The applicants had failed to explicitly address the issue of what measures should have been adopted by the State to constitute compliance with its obligation to provide access to basic public utilities, or how such measures would impact their personal situation. Nor had they provided any information which would allow the Court to assess whether the municipal authorities had de-prioritised their interests in the regulation of their settlements and access to safe drinking water in favour of other, less urgent measures and projects aimed at improving the infrastructure of the majority population. Notably, a non-negligible proportion of the Slovenian population living in remote areas did not have access to the public water supply system and had to rely on alternative means of private water supply, such as water tanks.

While not being an ideal or permanent solution, the positive steps taken by the authorities demonstrated that they had acknowledged the disadvantages suffered by the applicants as members of a vulnerable community and shown a degree of active engagement with their specific needs. As regards the State’s own legal and financial obligations in that regard, the Court took the view that, while it fell upon the State to address the inequalities in the provision of access to safe drinking water which disadvantaged Roma settlements, this could not be interpreted as including an obligation to bear the entire burden of providing running water to the applicants’ homes. In that respect, the applicants had not been prevented from making use of their social benefits to employ alternative solutions such as installing private water tanks or systems for collecting rainwater.

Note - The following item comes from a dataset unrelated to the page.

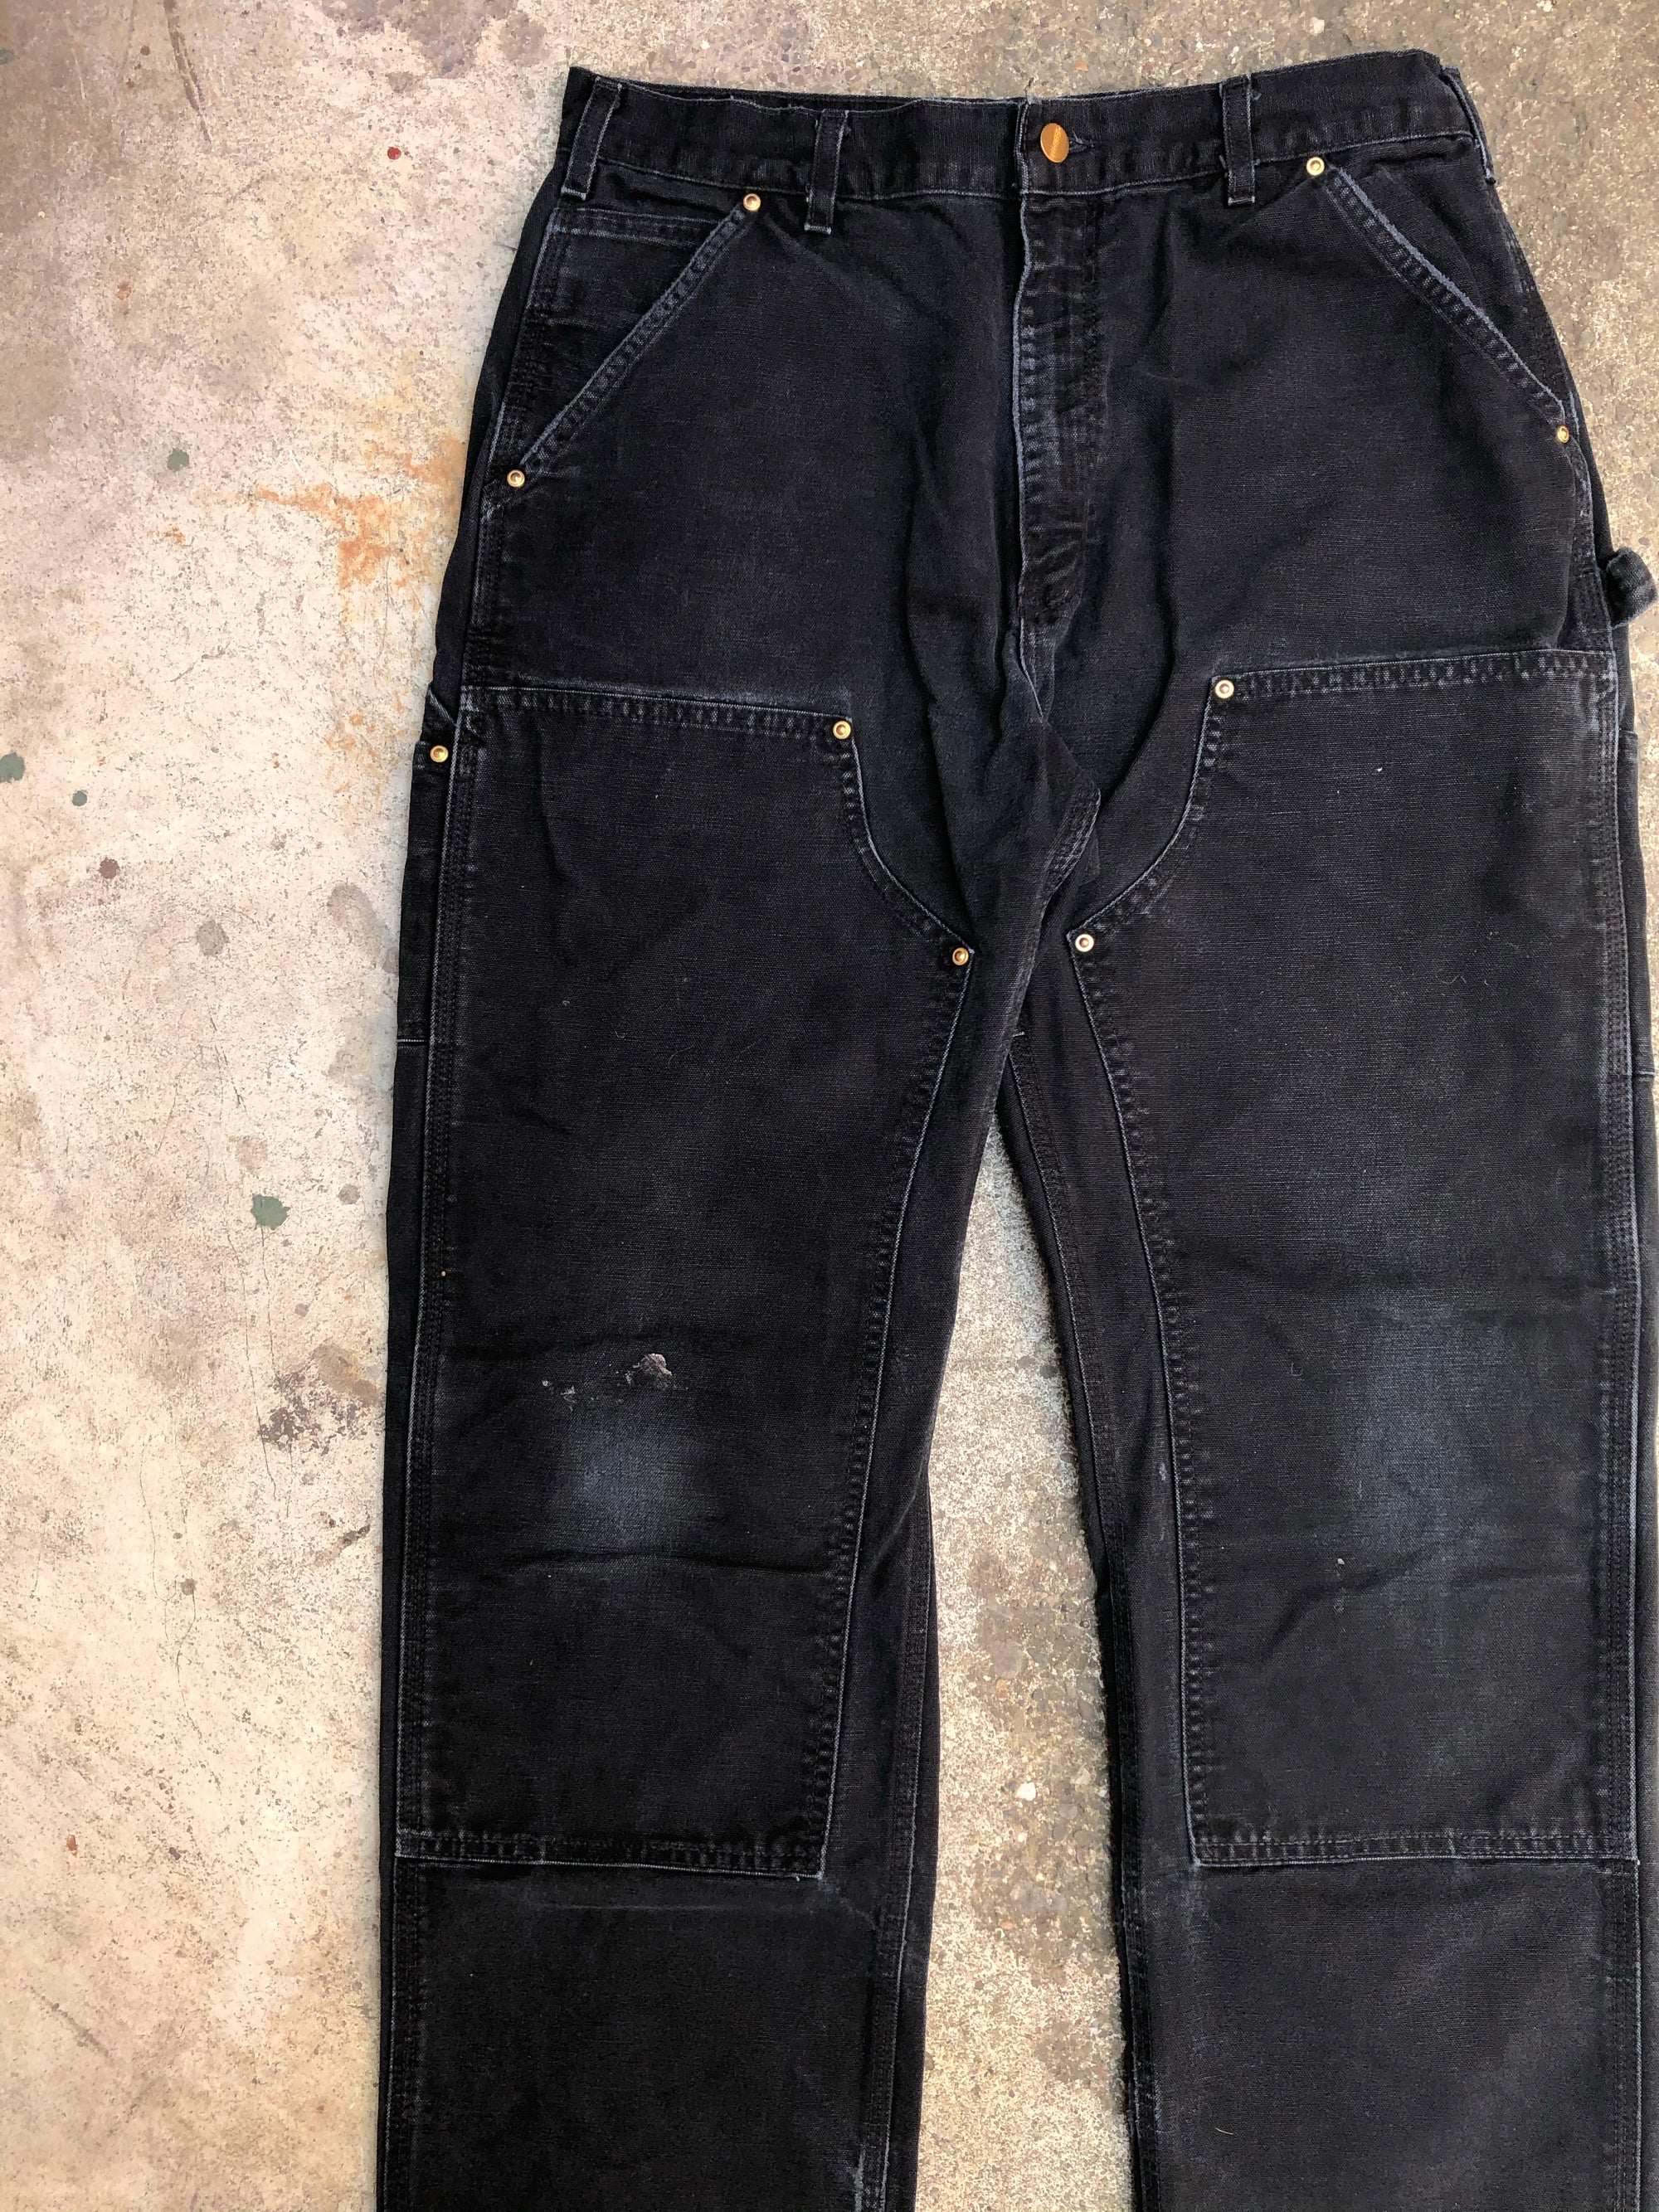 Carhartt B01 Black Double Front Knee Work Pants (33X31)

Lastly, the measures taken by the municipalities had not included any steps to ensure sanitation for the applicants; however, a considerable part of the population in Slovenia did not as yet benefit from a public sewerage system. Considering the limited access to sanitation in the two relevant municipalities, it would be difficult, in the absence of proof to the contrary, to conclude that the applicants’ respective situations had been accorded less importance than those of the majority population. Furthermore, taking account of the inherently progressive nature of the development of public infrastructure and the State’s wide discretion in the prioritisation of resources for urban planning, only particularly convincing reasons such as a serious risk to health could justify imposing a burden on the State to take any steps with regard to the applicants’ respective situations. However, while the applicants had complained of frequent diseases, they had neither made any concrete submissions to that effect nor presented evidence in support of their claims. In that connection, they had not argued that they had, in any way, financially or otherwise, been prevented from installing their own septic tanks or employing other solutions alternative to the public sewerage system.

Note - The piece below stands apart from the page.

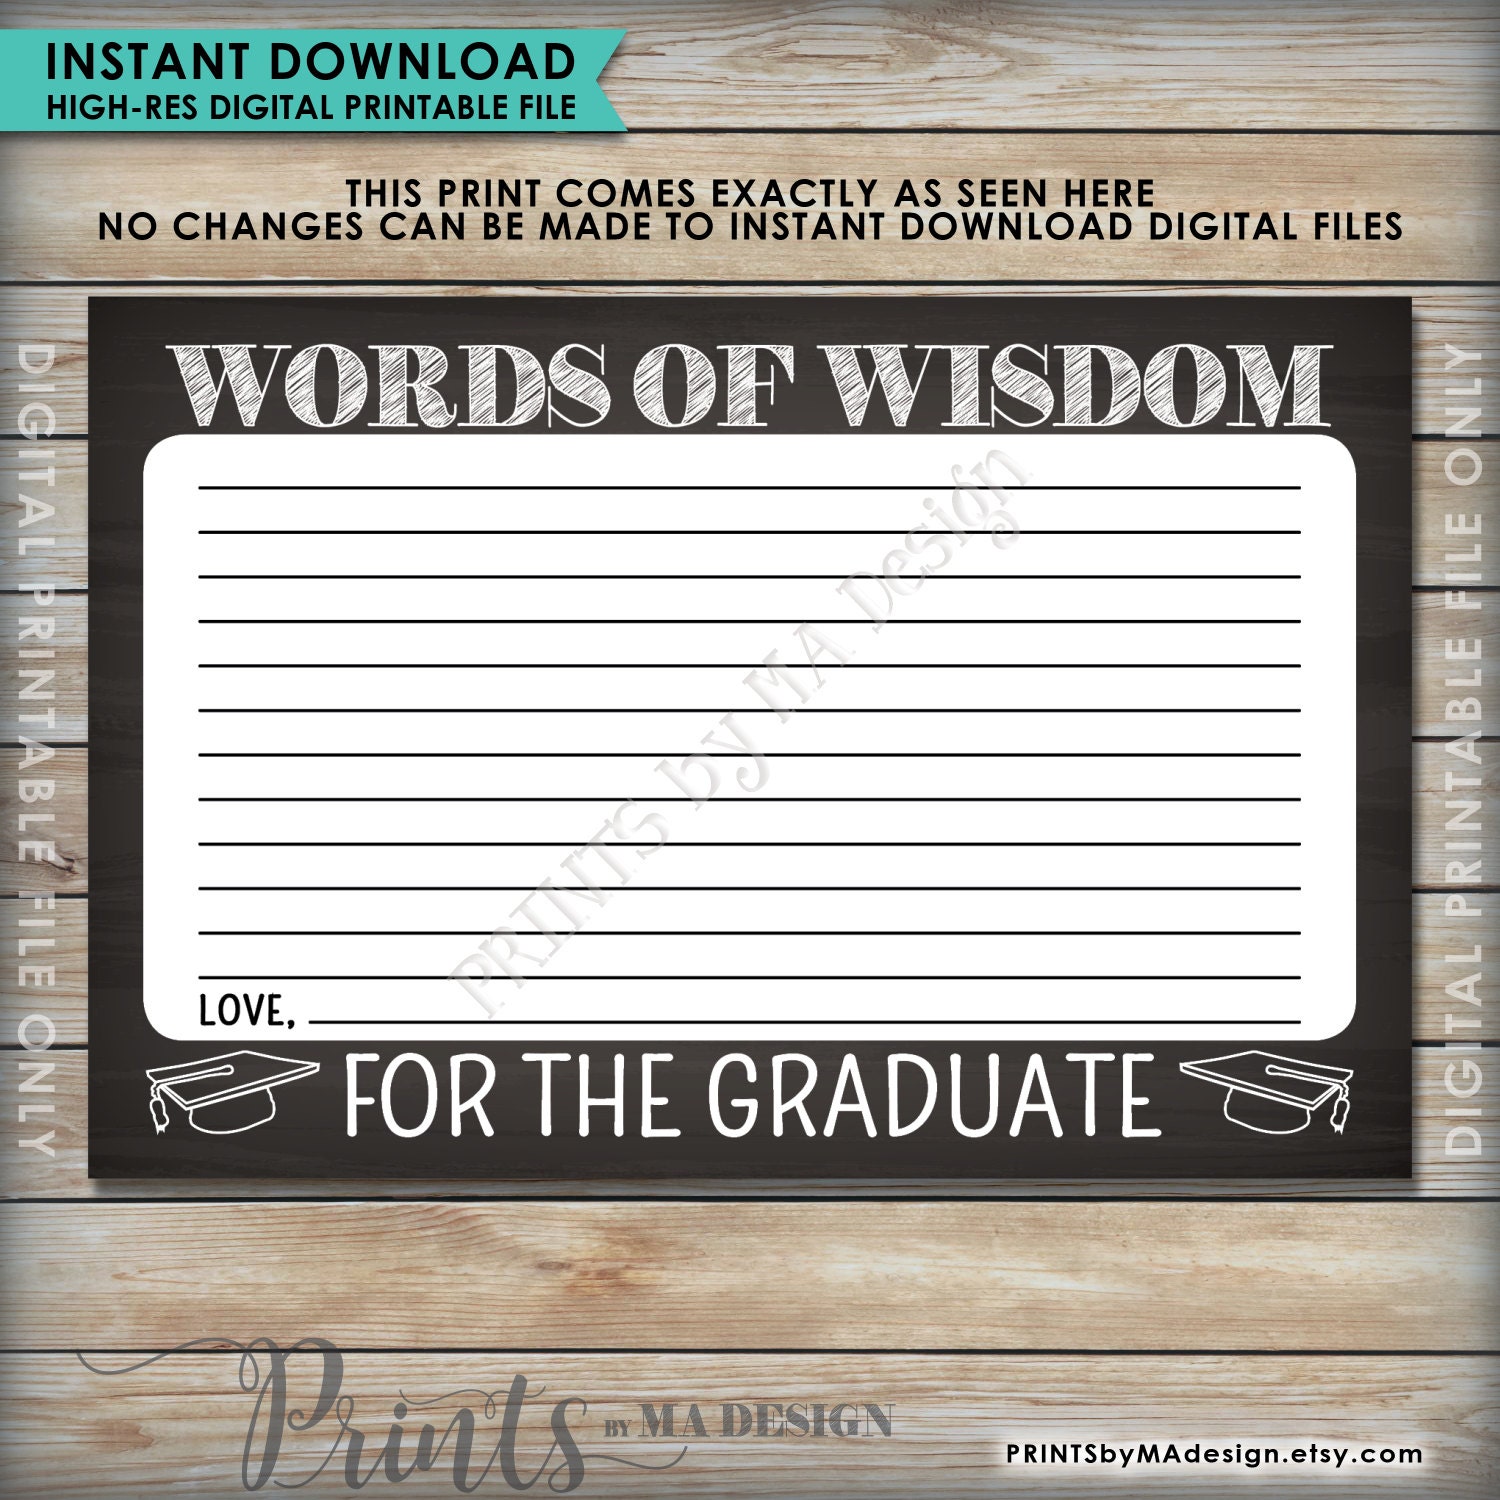 advice-for-graduate-words-of-wisdom-for-the-graduate-printable

Reiterating, firstly, that the applicants had received social benefits which could have been used towards improving their living conditions, secondly, that the States were accorded a wide margin of appreciation in housing matters, and thirdly, that the applicants had not convincingly demonstrated that the State’s alleged failure to provide them with access to safe drinking water had resulted in adverse consequences for health and human dignity effectively eroding their core rights under Article 8, the Court found that the measures adopted by the State in order to ensure the applicants access to safe drinking water and sanitation had taken account of the applicants’ vulnerable position and satisfied the requirements of Article 8. Even assuming that Article 8 was applicable in the instant case, there had been no violation of that provision.

Conclusion: no violation (unanimously).

The Court also held, unanimously, that there had been no violation of Article 14 of the Convention in conjunction with Article 8 and no violation of Article 3, taken alone and in conjunction with Article 14, assuming those provisions were applicable.